- _Data block_
_ _ _ _ _ _ _

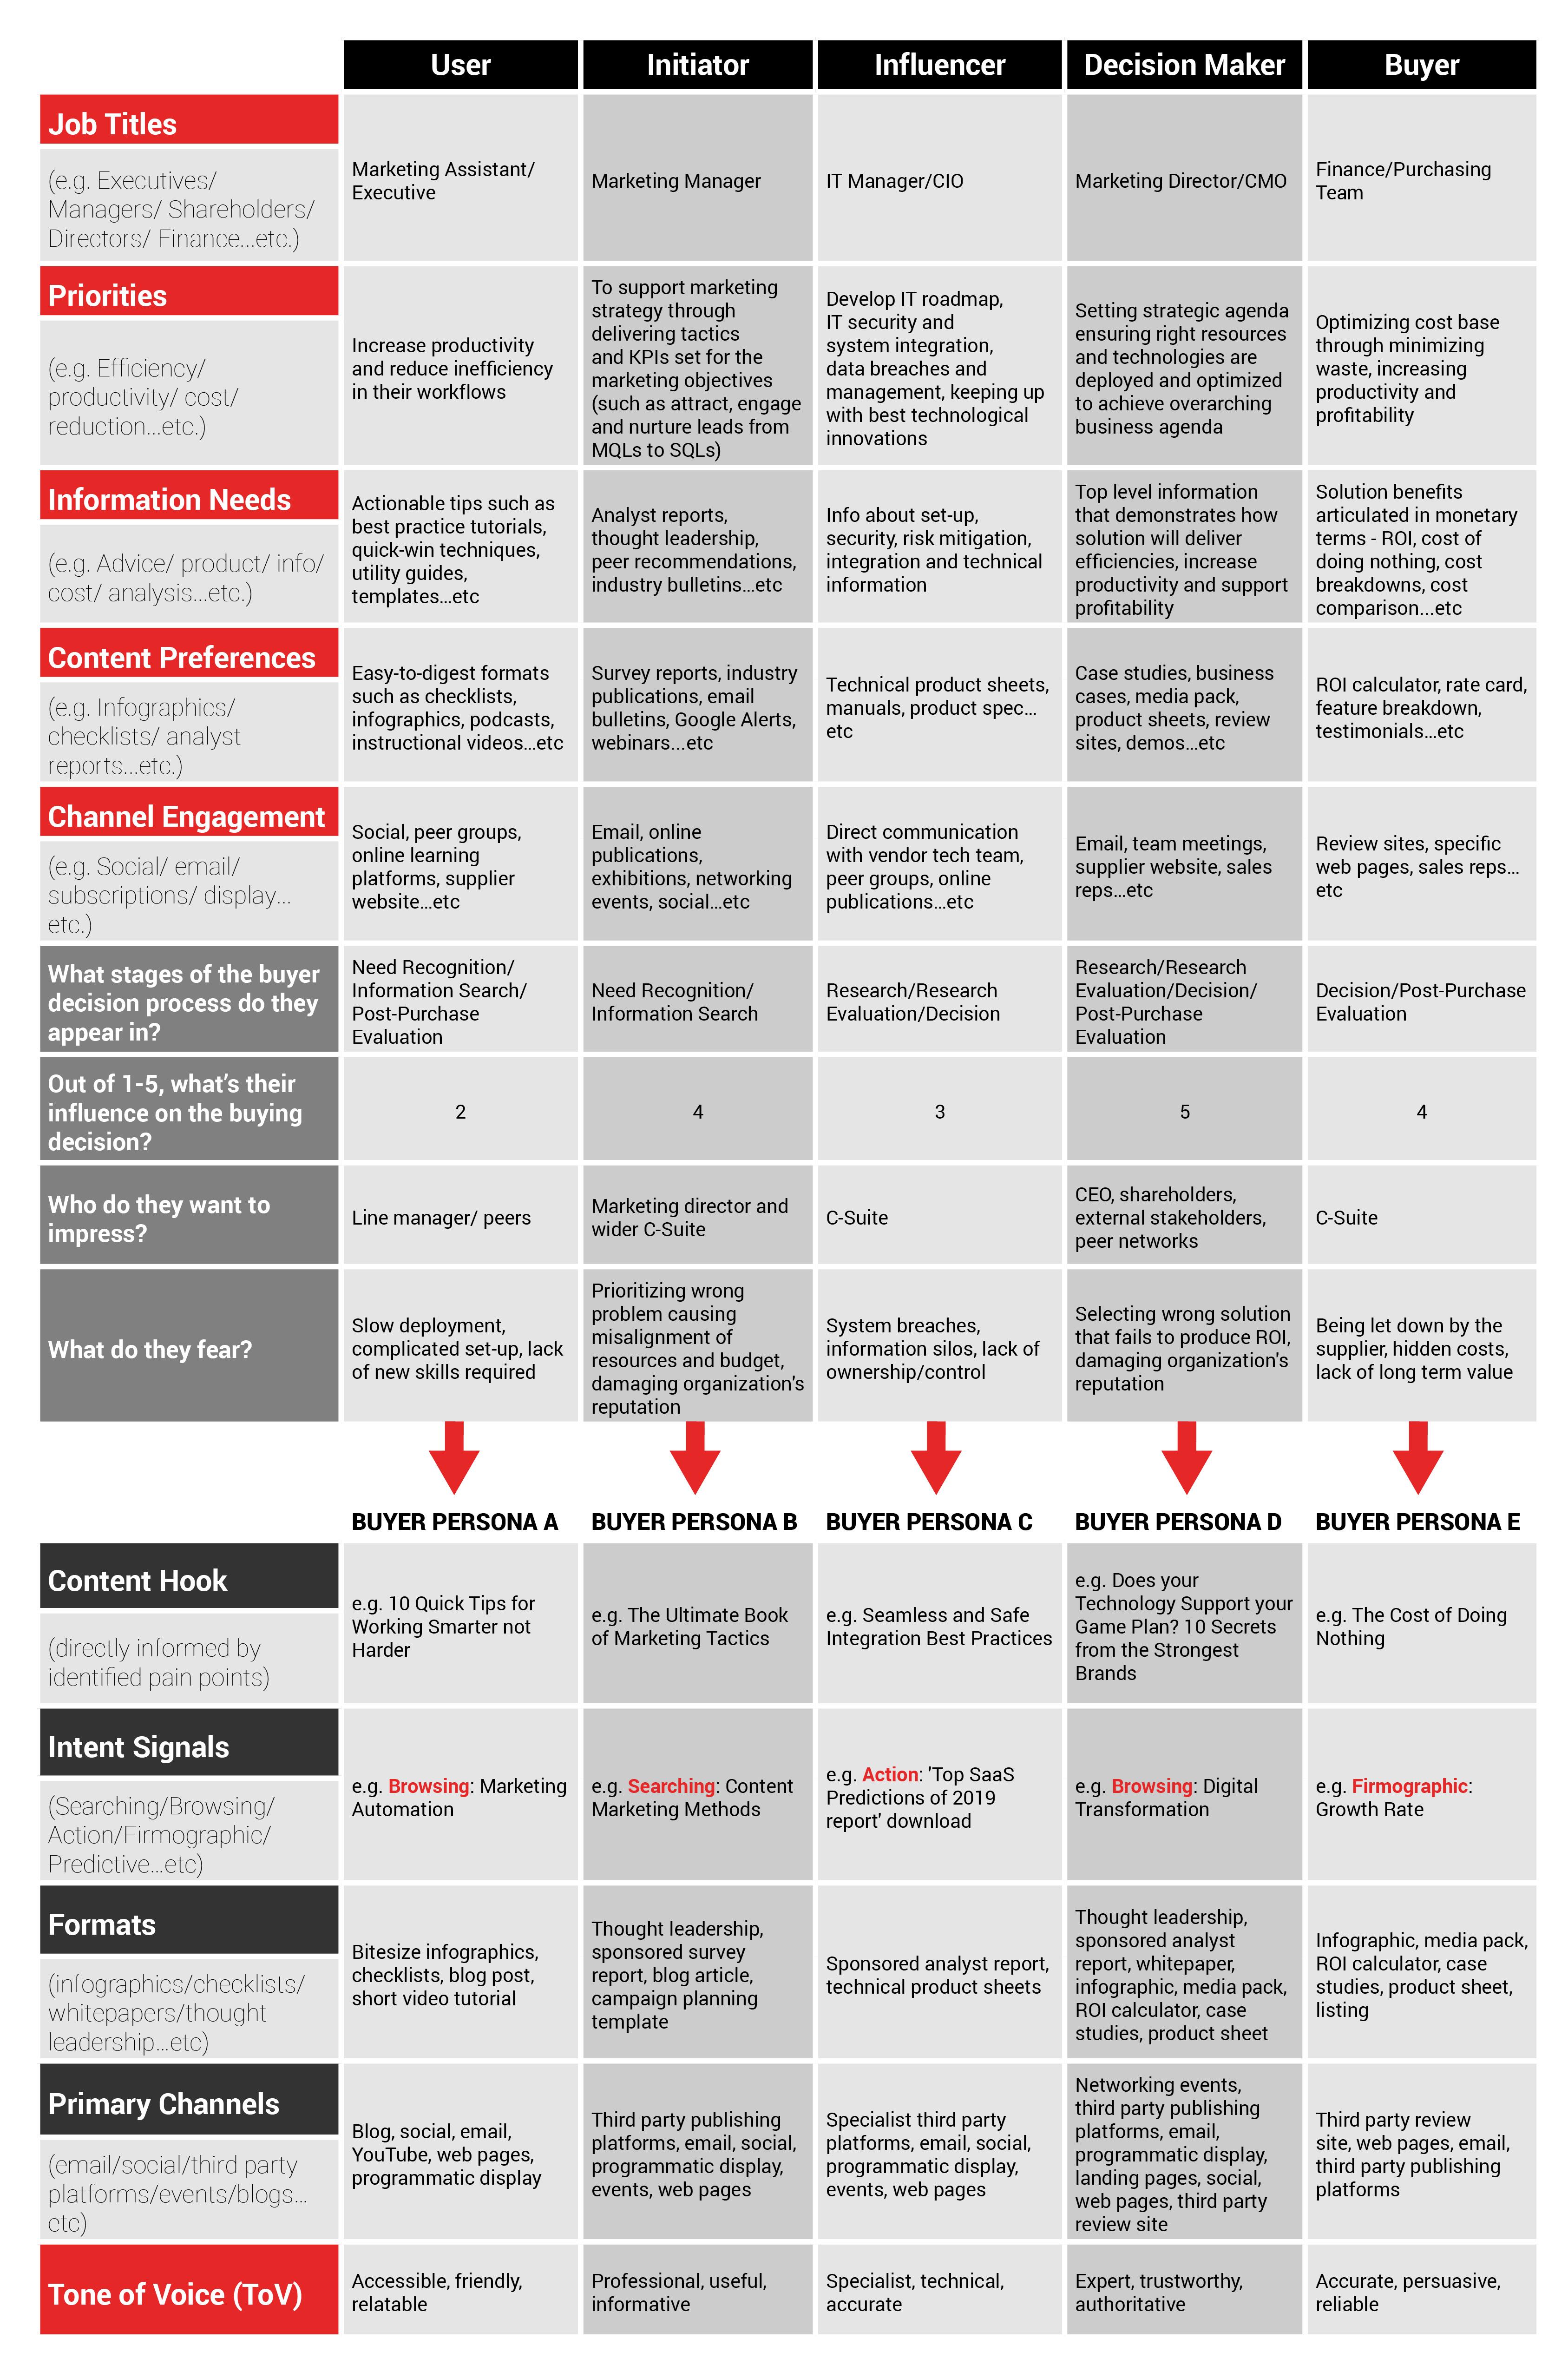 B2B DMU Buyer Persona Cheat Sheet - Inbox Insight
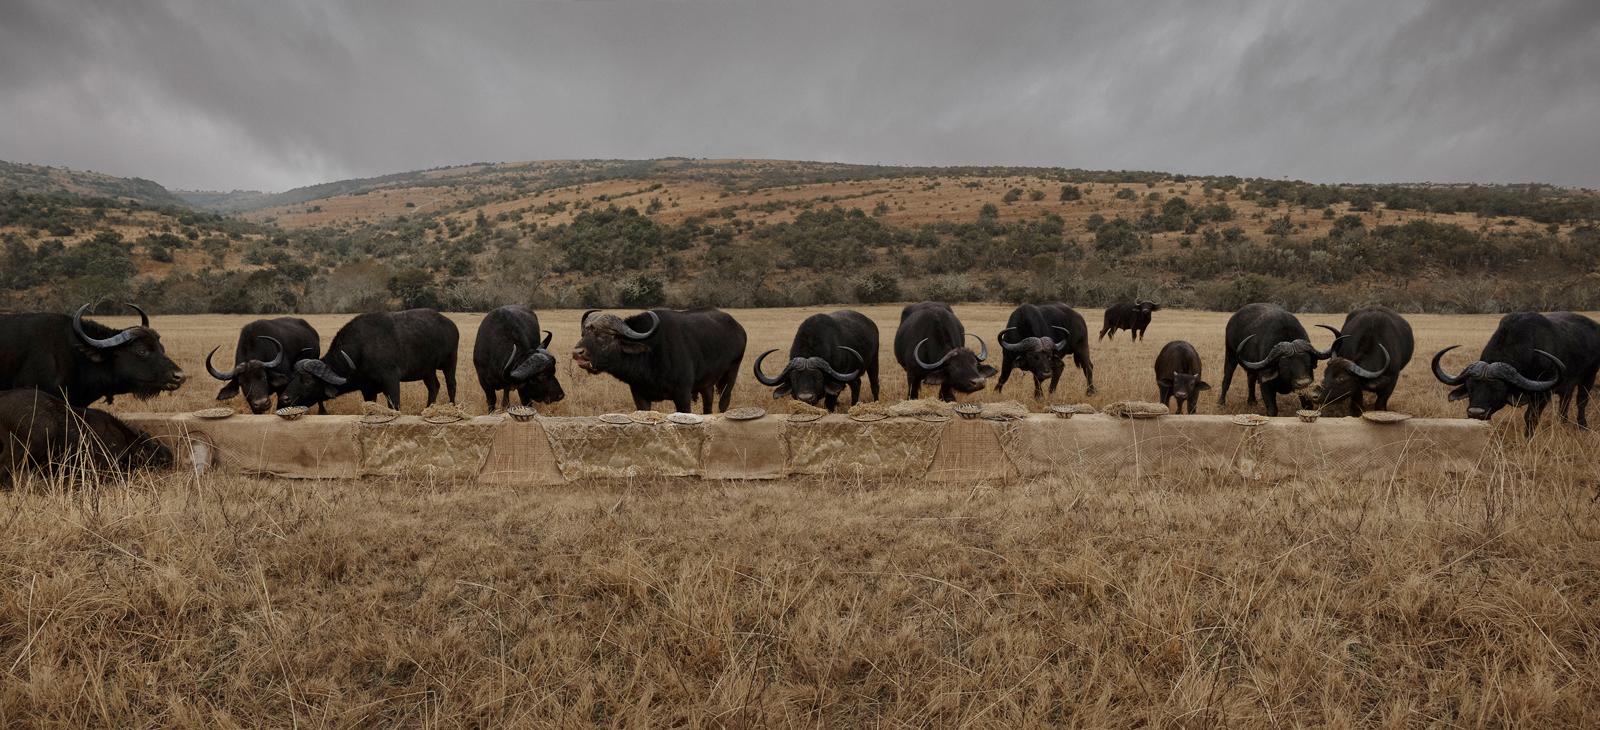 "The Water Buffalo Feast  South Africa, 2016  10""x22"" | 20""x44"" | 40""x88"""
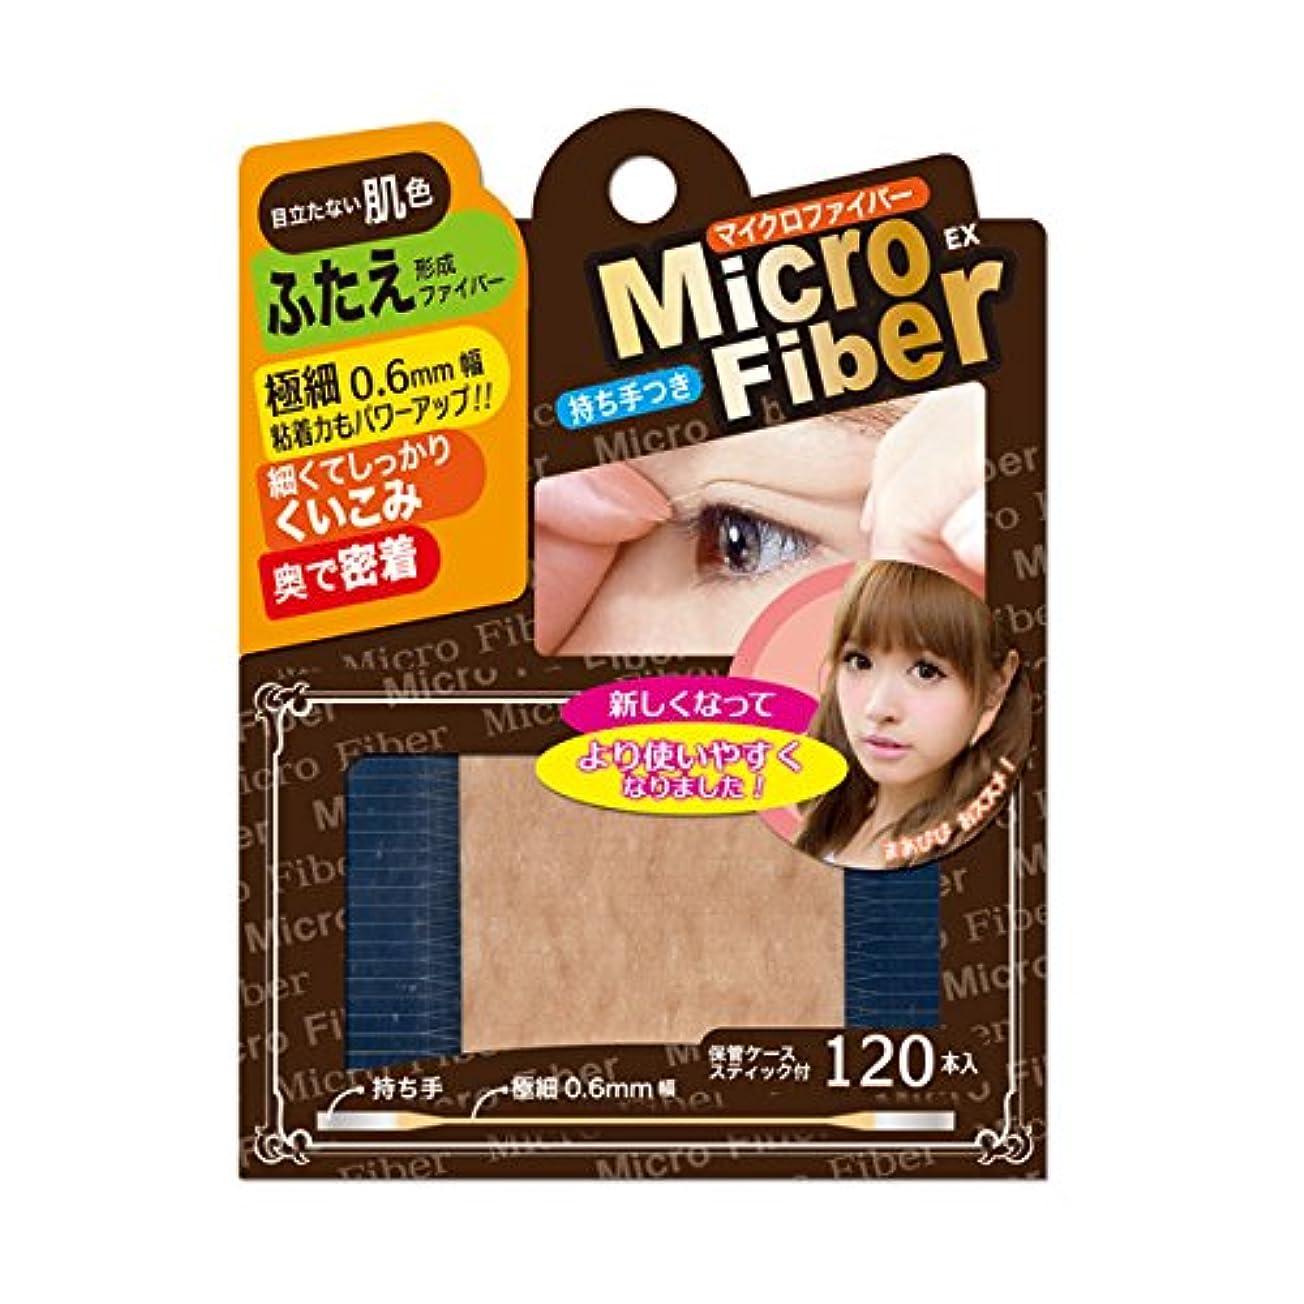 BNマイクロファイバーEX NMC-02 120本
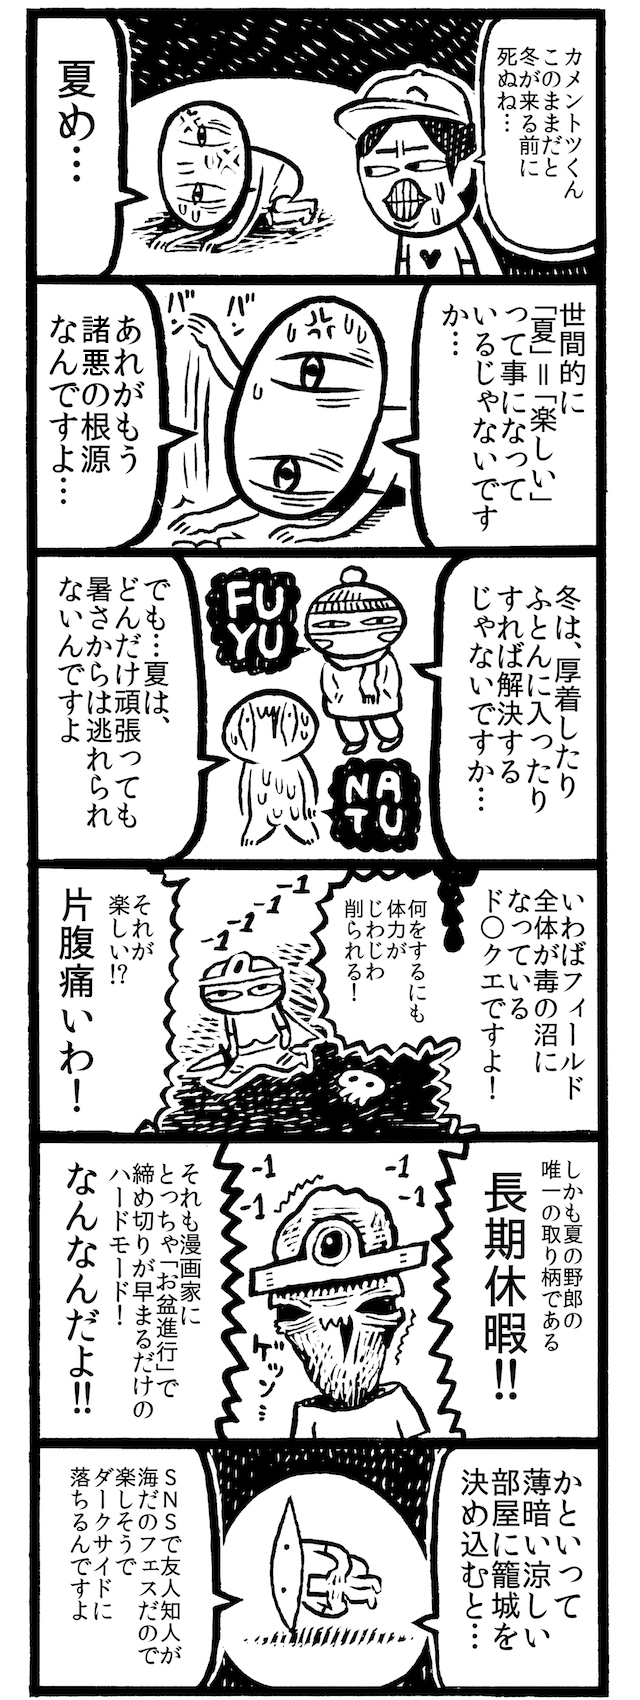 f:id:ryo_kato:20160913103335j:plain

_ _ _ _ _ _ _

An exact copy of the lines from the line containing "BNマイクロファイバーEX NMC-02 120本" through the final line of the listing, without pictures, is the expected result.

 BNマイクロファイバーEX NMC-02 120本
 f:id:ryo_kato:20160913103335j:plain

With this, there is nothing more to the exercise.